When DANDY-1 reported symptoms of emerging dependence after the first cigarette, the reliability of adolescent reports and the 10 HONC items used to assess diminished autonomy were questioned. As the six items used in the current study to assess diminished autonomy were later incorporated into the HONC, this reliability issue pertains to the current study as well. Conversely, evidence concerning the reliability of the HONC reflects on the reliability of the TAPS-II data. The HONC has demonstrated excellent internal consistency (α = 0.90 – 0.94) in three adolescent studies [9, 10, 21]. Endorsement of one or more HONC item was associated with an odds ratio of 195.8 for progression to daily smoking among subjects who had puffed on a cigarette, and with an odds ratio of 83 among those who had inhaled [6]. The strong predictive power and high internal consistency of the HONC [9, 10, 21], its very good test-retest reliability [10], its stable single-factor structure [10], its ability to predict long-term smoking cessation outcomes [6], and its external validity as demonstrated by associations in the expected directions with lifetime maximum cigarette consumption [5], current smoking days per month [10], daily cigarette consumption [10], greatest length of abstinence, use of pharmacological cessation aids, the modified Fagerström Tolerance Questionnaire and the Fagerström Test of Nicotine Dependence [2123] are individually, and collectively, incompatible with the hypothesis that adolescents are misreporting symptoms.

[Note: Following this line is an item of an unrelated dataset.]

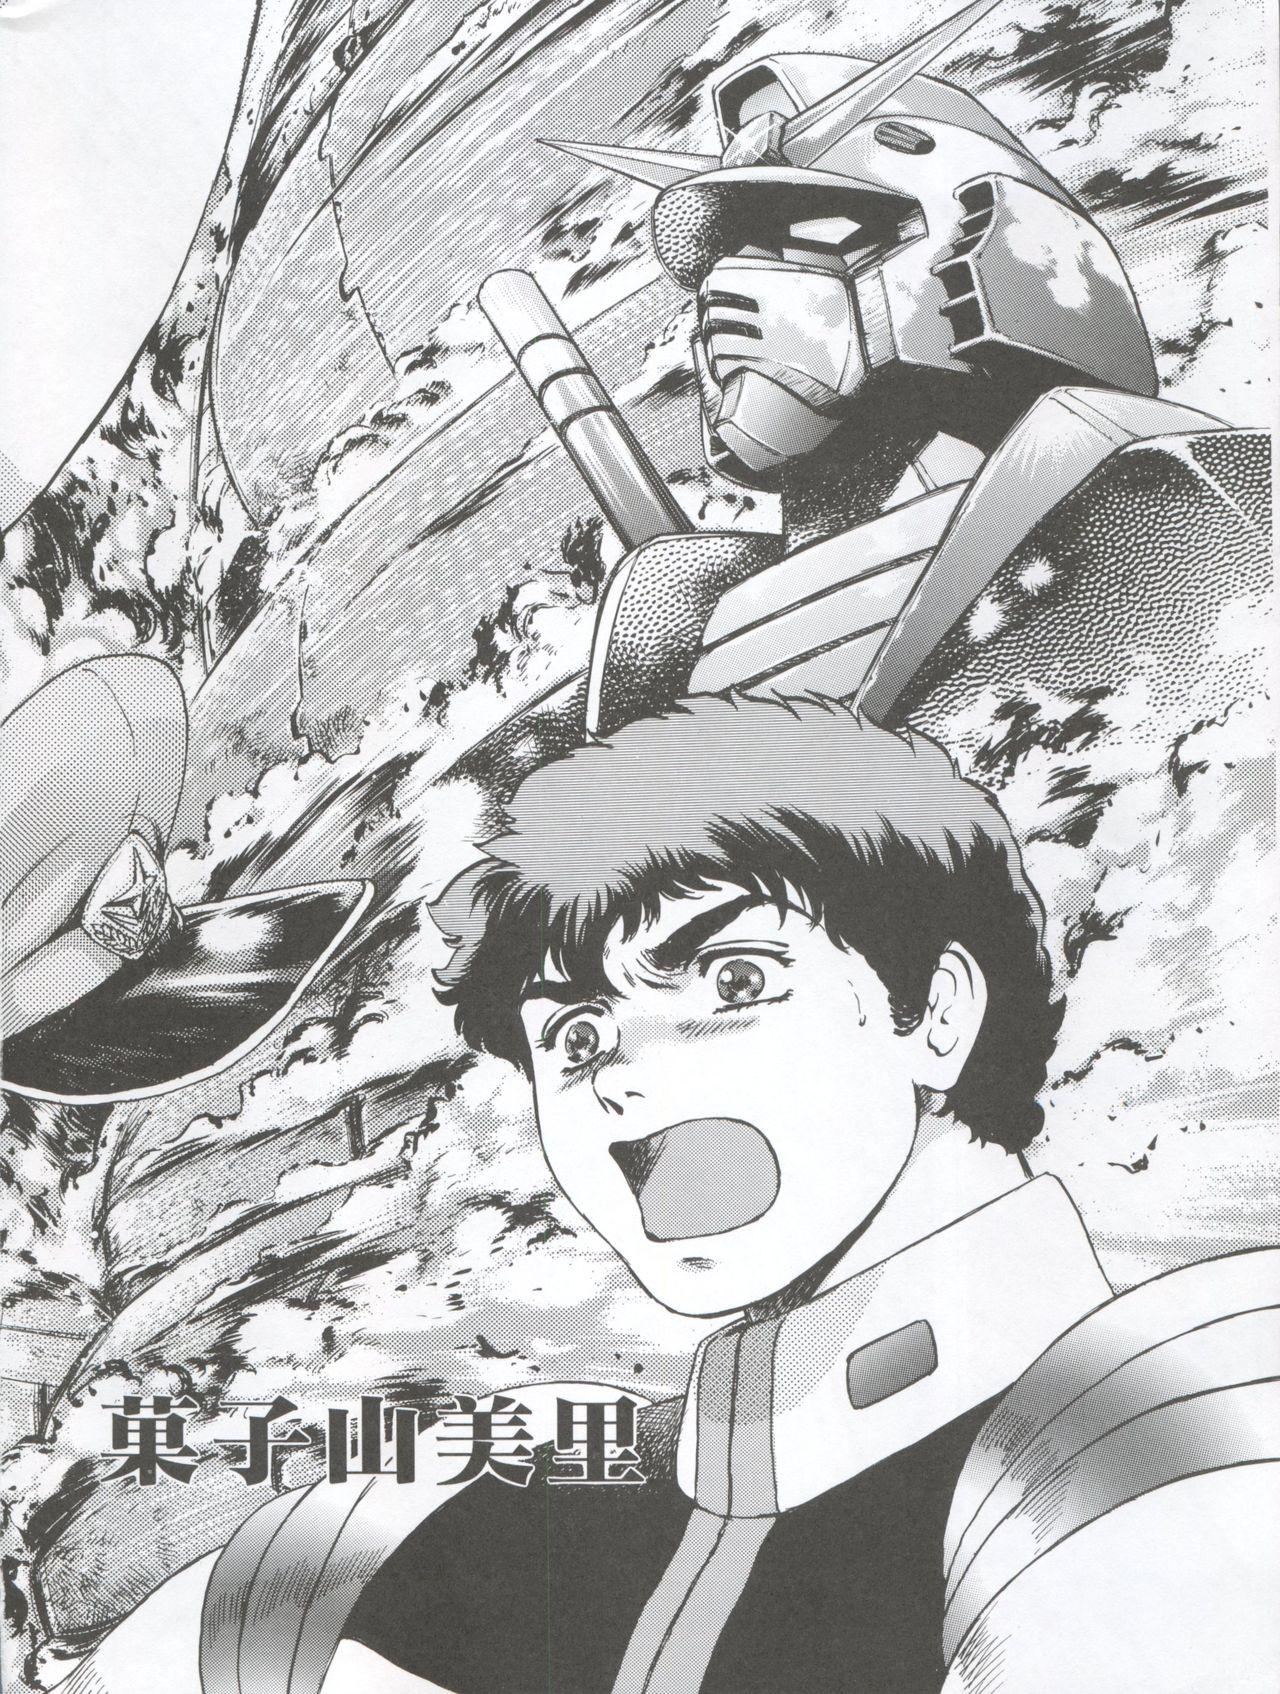 NEXT Climax Magazine 3 Gundam Series 5

The dose-response relationship observed between the prevalence of diminished autonomy and each of three measures of tobacco use in the current study provides additional reassurance that symptom reports are reliable.

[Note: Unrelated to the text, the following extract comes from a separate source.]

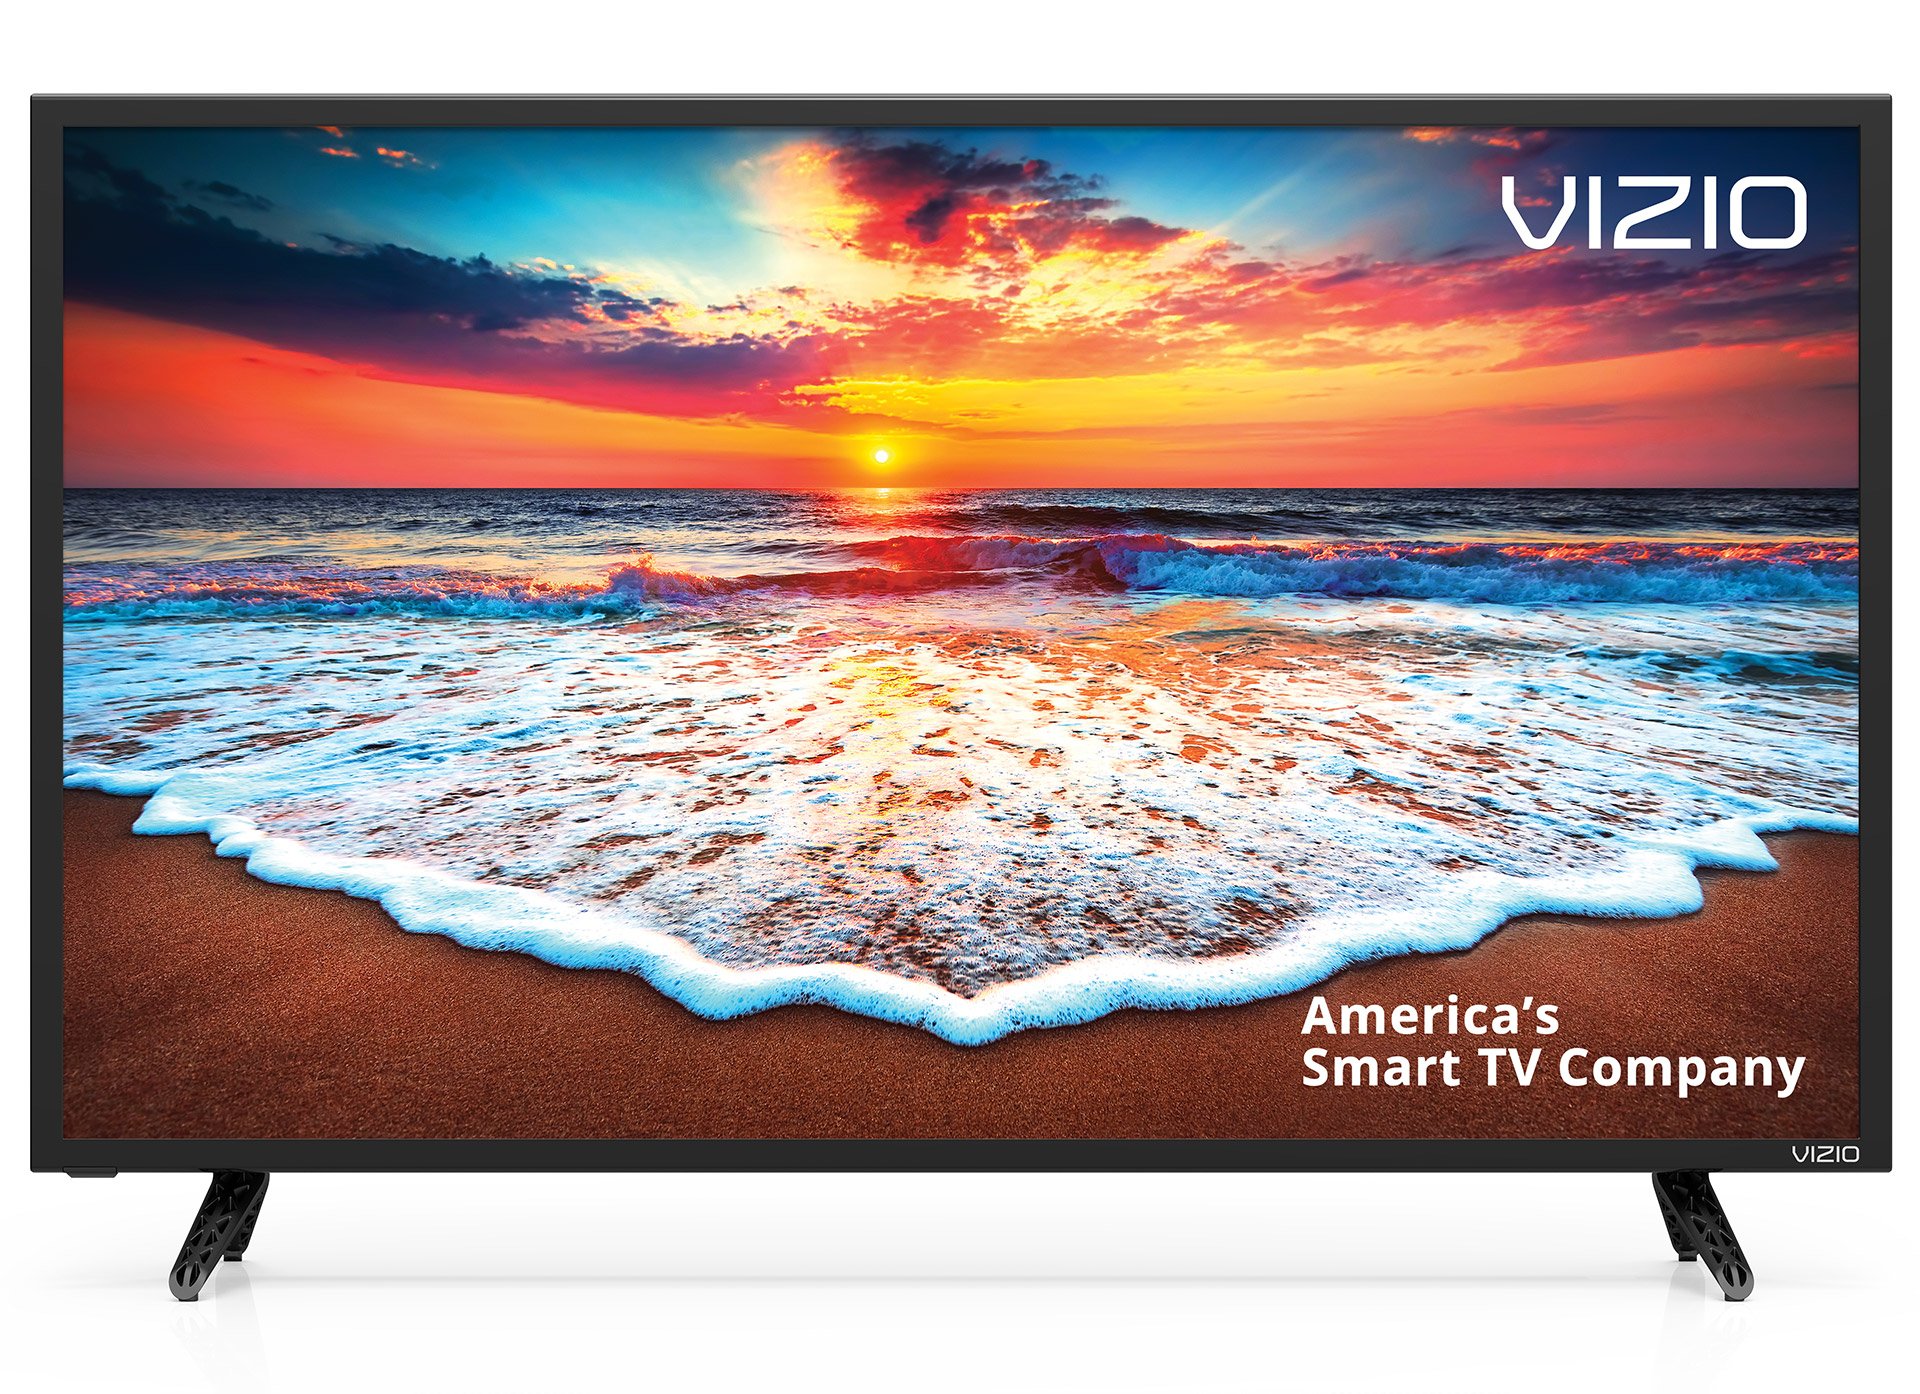 Vizio 32-Inch Full HD LED Smart TV

By documenting the appearance of withdrawal symptoms in youth who have smoked only a few cigarettes, this study adds to the accumulating evidence [4, 6, 16, 18, 19] that contradicts the assumption that nicotine withdrawal is the product of chronic moderate daily use, or that the development of withdrawal symptoms requires a person to smoke at least five cigarettes per day to remain comfortable. As demonstrated by the data in this study, withdrawal symptoms can appear while cigarettes are spaced more than a week apart. Adolescents describe how withdrawal symptoms can be initially kept at bay for a week or more by smoking a single cigarette. But over time, the duration of relief obtained from each cigarette shortens progressively and youths must space their cigarettes at ever closer intervals to suppress withdrawal [24].

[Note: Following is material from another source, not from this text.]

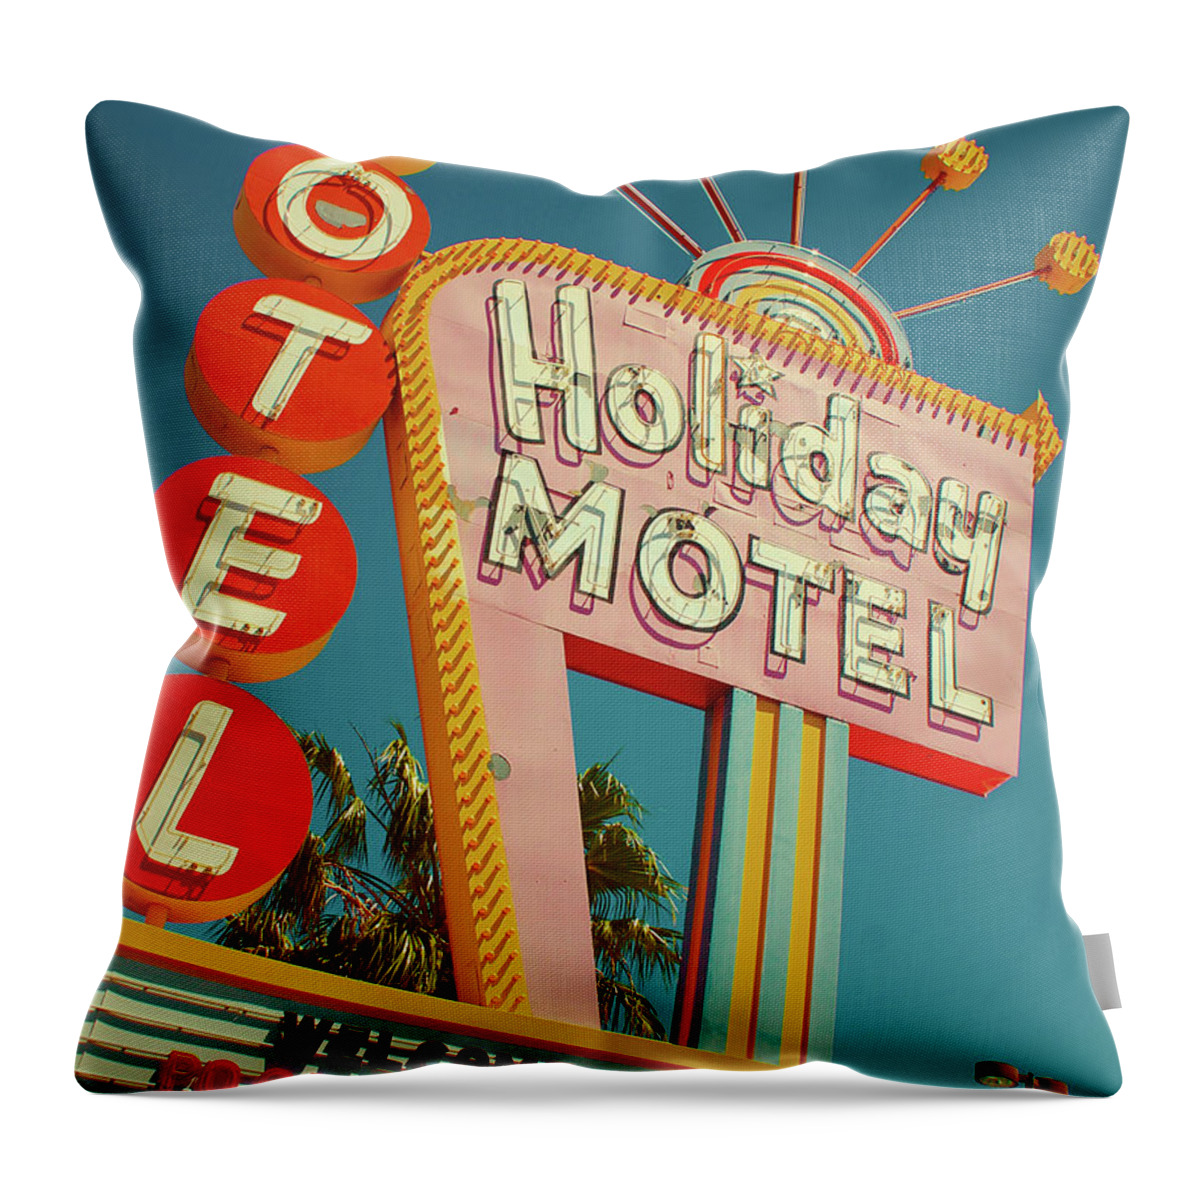 Las Vegas Throw Pillow featuring the photograph Holiday Motel, Las Vegas by Jim Zahniser

Do novice smokers experience withdrawal the same as adult smokers? When youth report difficulty concentrating, are they experiencing the same thing as an adult who reports difficulty concentrating? (One might also question whether two adult smokers are having the same experience.) The relevant question is not whether youths’ symptoms are identical to those of adults, but whether adolescent symptoms affect the trajectory of smoking. They do, the appearance of symptoms increases the risk of progressing to daily smoking by nearly 200-fold [6]. Whatever it is that youth are experiencing when they report symptoms after smoking one or two cigarettes, it has great clinical relevance.
Strengths of this study include the relatively large nationally representative sample, high participation rate, wide age range, racially mixed population, and the use of the diminished autonomy measure that allows us to compare this dataset to those from the two DANDY studies, NDIT and the New Zealand national survey which all used this metric. This report adds to the previous brief report of this dataset by (1) using all smokers as the denominator, (2) calculating the percentage of subjects who had one or more symptoms of diminished autonomy to determine the proportion of youth who are affected at each level of tobacco use, and (3) including logistic and linear regression analyses to determine the impact of gender, current use, and lifetime tobacco use on the emergence of diminished autonomy and withdrawal symptoms. Limitations include the use of only six symptoms of diminished autonomy. Nicotine dependence as defined by the DSM was not assessed, although the symptoms we evaluated are considered symptoms of nicotine dependence according to the DSM criteria[7]. We relied on symptom self-reports as the symptoms of nicotine dependence are largely subjective. A recent study demonstrates that nicotine dependence symptom reports by adolescents cannot be attributed to false reporting based on expectations [25]. Although the data were collected a number of years ago, the relationship between tobacco use and symptom development would not have changed.

4. Conclusions

This national study adds to the mounting evidence that symptoms of diminished autonomy, including those of nicotine withdrawal, can appear after the first few cigarettes, and appear commonly in youth who are non-daily smokers.

References and Notes

  1. Russell, M. Cigarette smoking: natural history of a dependence disorder. Brit. J. Med. Psychol 1971, 44, 1–16. [Google Scholar]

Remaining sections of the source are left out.